Die seit jeher vergleichsweise kleine KG umfasste 1967 noch rund 530 Gemeindeglieder. Die Pfarrstelle war vakant, eine Wiederbesetzung nicht mehr zu erwarten. Das LKA bemühte sich deshalb um die Umwandlung der KG in eine KapG und ihre Eingliederung in den Verband der KG Burhafe. Der KV sprach sich jedoch gegen eine Aufhebung als KG aus. Mit dem 1. Juli 1978 wurde die KG Buttforde durch das Pfarramt Funnix mit der KG Funnix pfarramtlich verbunden.6 Mit dem 1. August 2005 wurde die pfarramtliche Verbindung mit Funnix gelöst und Buttforde stattdessen mit der KG Werdum verbunden.7 Die alte Pastorei wurde zum Gemeindehaus umgebaut.

Umfang

Die Dörfer Buttforde, Neudorf und Neuwarfen; die Höfe Haus Buttforde, Buttforder Kleine Riege, Diepenbrock, Deichhammer, Endzetel, Erichswarfen, Flintenburg, Finkerei, Hofmeisterinnenburg, Kamphusen, Kippens, Pockens, Schwarzehörn und Surenburg.

Aufsichtsbezirk

Archidiakonat des bremischen Domscholasters (Sedes Stedesdorf). – Unterstand von 1631 bis 1643 dem luth. Coetus in Esens und ab 1643 unmittelbar dem luth. Konsistorium in Aurich. Mit Erlass der ostfriesischen Insp.-Ordnung von 1766 zur 6. (später 8. und vor 1819 9.) luth. Insp. mit Sitz in Wittmund, ab 1924 KK Wittmund (1. Januar 1974 mit dem KK Esens zum KK Harlingerland vereinigt).

Patronat


Der Landesherr (bis 1871).

Kirchenbau
Kirche, Blick zum Altar, um 1964

Kirche, Blick zum Altar, um 1964

Rechteckige romanische Saalkirche aus Granitquadern und Ziegelmauerwerk im sogenannten märkischen Verband, mit eingezogener halbrunder Chorapsis (Ostfriesischer Apsissaal), errichtet zwischen 1220 und 1250.8 Vor 1636 wurde die schadhafte Apsis in Backsteinen ausgebessert.
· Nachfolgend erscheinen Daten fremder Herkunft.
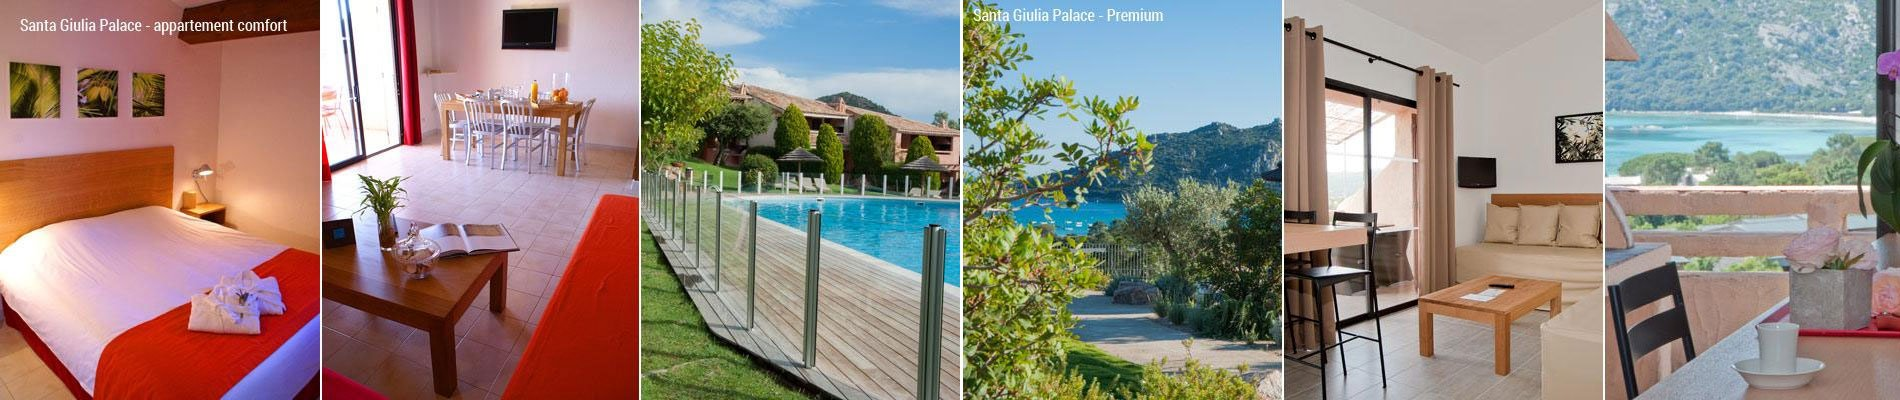 santa-giulia-palace-corsica

Die Westwand wurde 1636 aus Backsteinen neu aufgeführt und gleichfalls im Westen 1672 ein niedrigerer Vorbau ergänzt, der den neuen Zugang bildete. Frühere Portale an den Längsseiten wurden vermauert. Innen trennt ein dreijochiger steinerner Lettner aus spätgotischer Zeit (zwischen Anfang des 15. und Anfang des 16. Jh.) den Chorraum vom Schiff. Das Schiff wurde zufolge des Befunds anlässlich der Innenrenovierung von 1980 Jahren früher durch ein dreijochiges Gewölbe geschlossen, das vor 1636 entfernt und durch flache Decke ersetzt wurde.9 Für den Bau der Orgel auf dem Lettner wurde der darüber liegende Teil der Decke durch eine Holztonne erhöht. 1955 erfolgte eine Renovierung der Kirche unter der Leitung von Konsistorialbaumeister Ernst Witt.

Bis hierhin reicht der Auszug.